SEC Chair Mary Jo White made decision to leave before election
November 16, 2016 by Nick Thornton
Outgoing Securities and Exchange Commission Chair Mary Jo White made her decision to leave the agency before the Presidential election, according to testimony she gave in a final appearance before the House Financial Services Committee.
Chair White announced she was stepping down this week, effective at the end of President Obama’s term. Her term was not scheduled to officially expire until 2019.
White received wide praise from lawmakers during the nearly three-hour hearing, which addressed ongoing regulatory initiatives at the Commission ranging from oversight of the fixed income markets, the regulation of so-called robo advisors, small business’ access to capital markets, simplification of corporate disclosures to the SEC, and a proposed rule that would allow mutual fund providers to distribute documents electronically.
Rep. Brad Sherman, D-CA, urged Chair White to stay beyond her intended departure date, until her successor could be confirmed.
“The tradition is for the SEC Chair to resign when the new President takes over, but that tradition was developed at a time when we had a more efficient Senate and Congress that could quickly confirm your successor,” said Sherman.
White’s departure will also create a vacancy on the 10-member Financial Stability Oversight Council, the regulatory body created by the Dodd-Frank Act of 2010 that designates systemically important financial institutions. FSOC “should not have an empty seat,” said Sherman.
SEC fiduciary rule still a distant proposition
Rep. Ann Wagner, R- MO, a member of the Financial Services Committee who first sponsored legislation to block the Department of Labor’s fiduciary rule in 2013, pressed White for her perspective on the rule’s potential negative impact on retail investors.
Wagner cited recent announcements from Merrill Lynch and other advice providers that will limit investors’ options in IRAs.
“We’re all concerned about anything that results in depriving retail investors of reasonably priced reliable advice,” said White. “Markets do adjust to rules in ways that sometimes have effects that are not desirable.”
The Dodd-Frank Act authorized the SEC to explore the need to promulgate its own uniform fiduciary standard.
While White has publically supported such a rule, the five-member Commission under her tenure has been politically divided on its merits.
To date, SEC staff have only provided a detailed outline of how the SEC would approach its own rulemaking, which White said “is a very difficult thing to do well.”
“Our job is to coordinate as best we can (with the DOL rule) and provide relief if we have the authority to and if it makes sense to minimize impacts,” said White.
But that coordination with DOL’s rule will not advance anytime soon.
“I don’t think there is consensus to move this forward in the current commission,” said White. “This is a really hard, complex rule making. I think it is something important to do, but I am one vote. We are a commission of three,” she added, referring to two commissioner vacancies being held up in Congress.

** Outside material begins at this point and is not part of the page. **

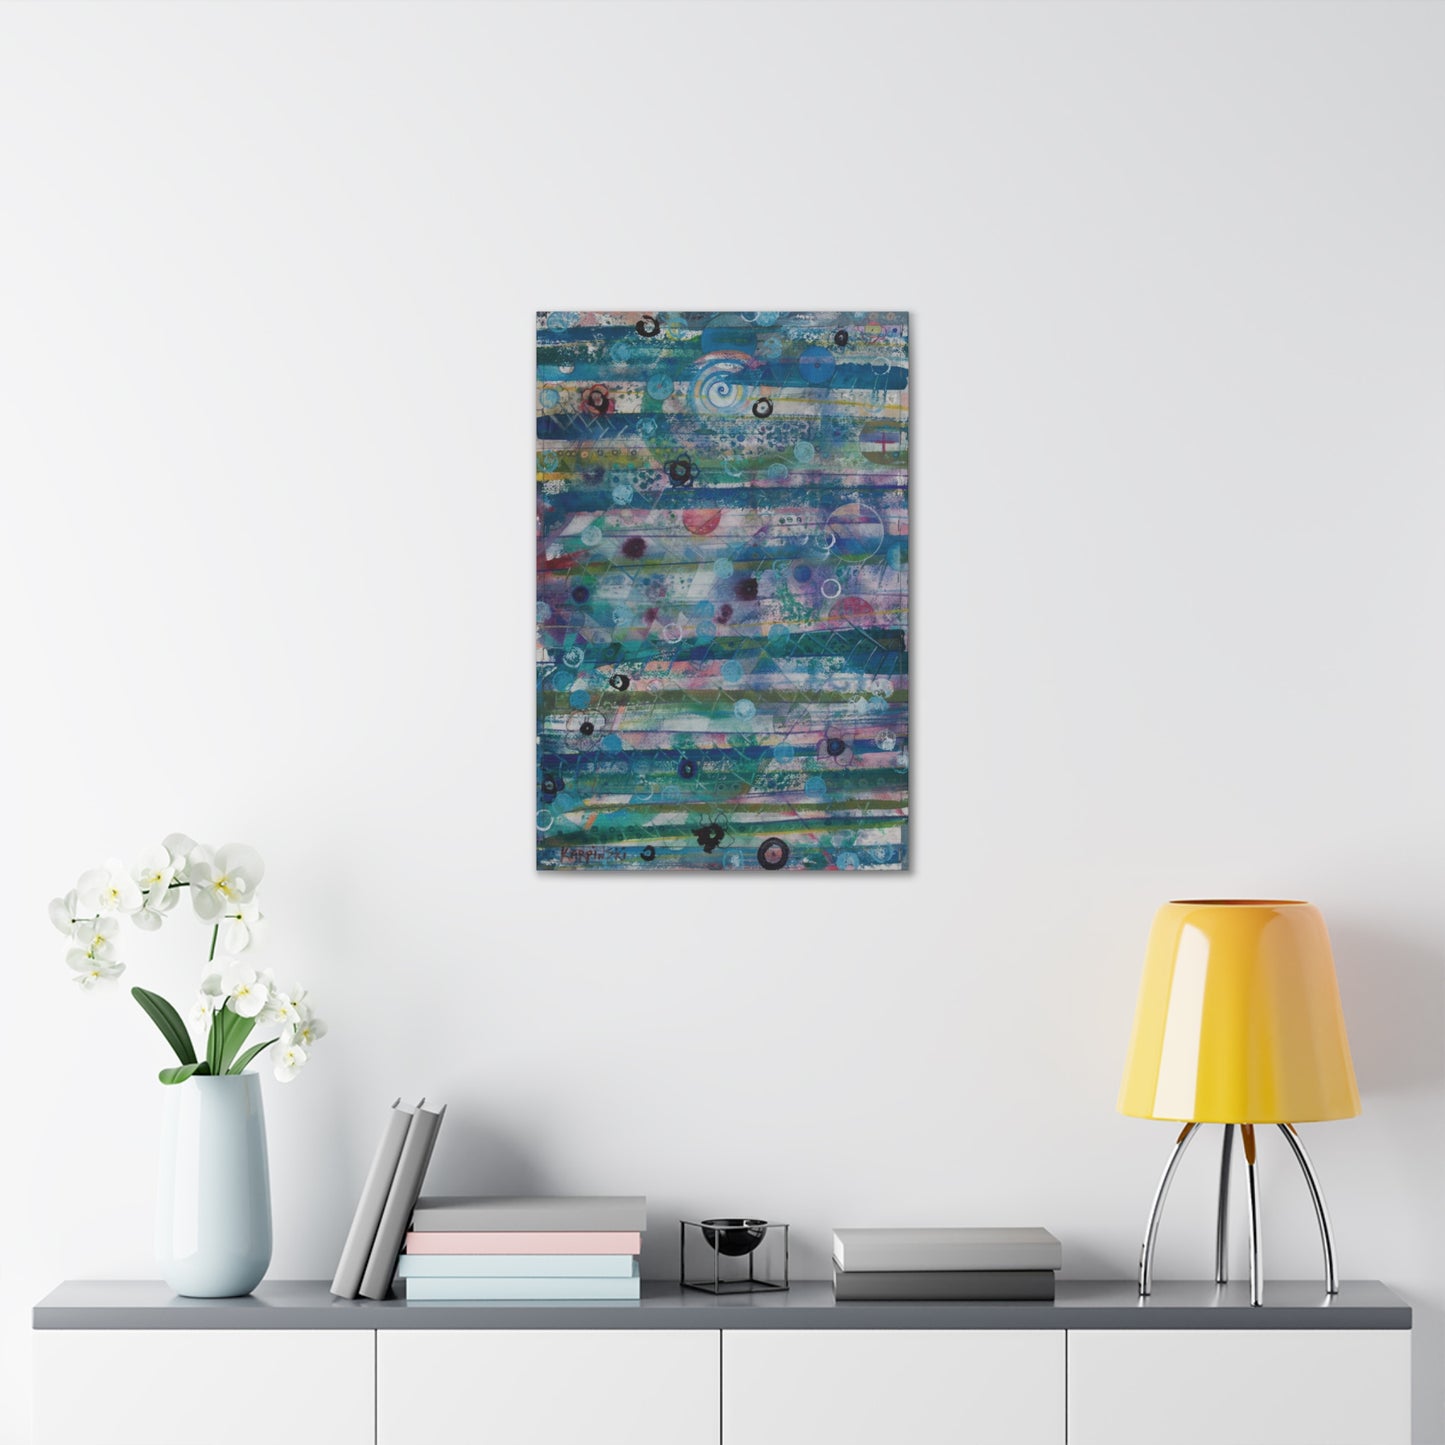 Abstract Canvas Wall Art Print Wall Decor - Celestial Sky by Leslie Karpinski

The search for a new SEC chair
Chair White was appointed by President Obama and quickly confirmed by Congress in April of 2013.
During her tenure, the Commission brought more than 2,850 enforcement actions, more than any other three-year period in SEC’s history, and charged over 3,300 companies and 2,700 individuals, resulting in about $13.4 billion in monetary sanctions.
White was the first woman to be appointed the U.S. States Attorney for the Southern District of New York, and oversaw the prosecution of John Gotti and the terrorists responsible for the 1993 World Trade Center Bombing.
More recently, she litigated in private practice before her appointment to the SEC.
In one 2007 high profile case, she successfully defended a New York Times journalist against a defamation suit brought by President-elect Donald Trump, as was noted in Chair White’s final hearing by ranking member Maxine Waters, D-CA.
Chair White’s nominated replacement could be revealed in a matter of weeks, as the Trump transition team is fast at work parsing Cabinet nominations.
Paul Atkins, CEO of Patomak Global Partners, a compliance consultancy to the financial services industry, has been tapped to head the new administration’s search to replace White.
Atkins served as an SEC Commissioner from 2002 to 2008. In testimony before a 2015 House Financial Services Committee on Dodd-Frank, Atkins expressed concerns over the DOL fiduciary rule’s impact on small investors.
Of the rule, which was still being proposed, he said, “very few brokers will be able to receive commissions” under the fiduciary rule’s Best Interest Contract Exemption.
“This would be a tragic outcome for millions of small savers,” said Atkins.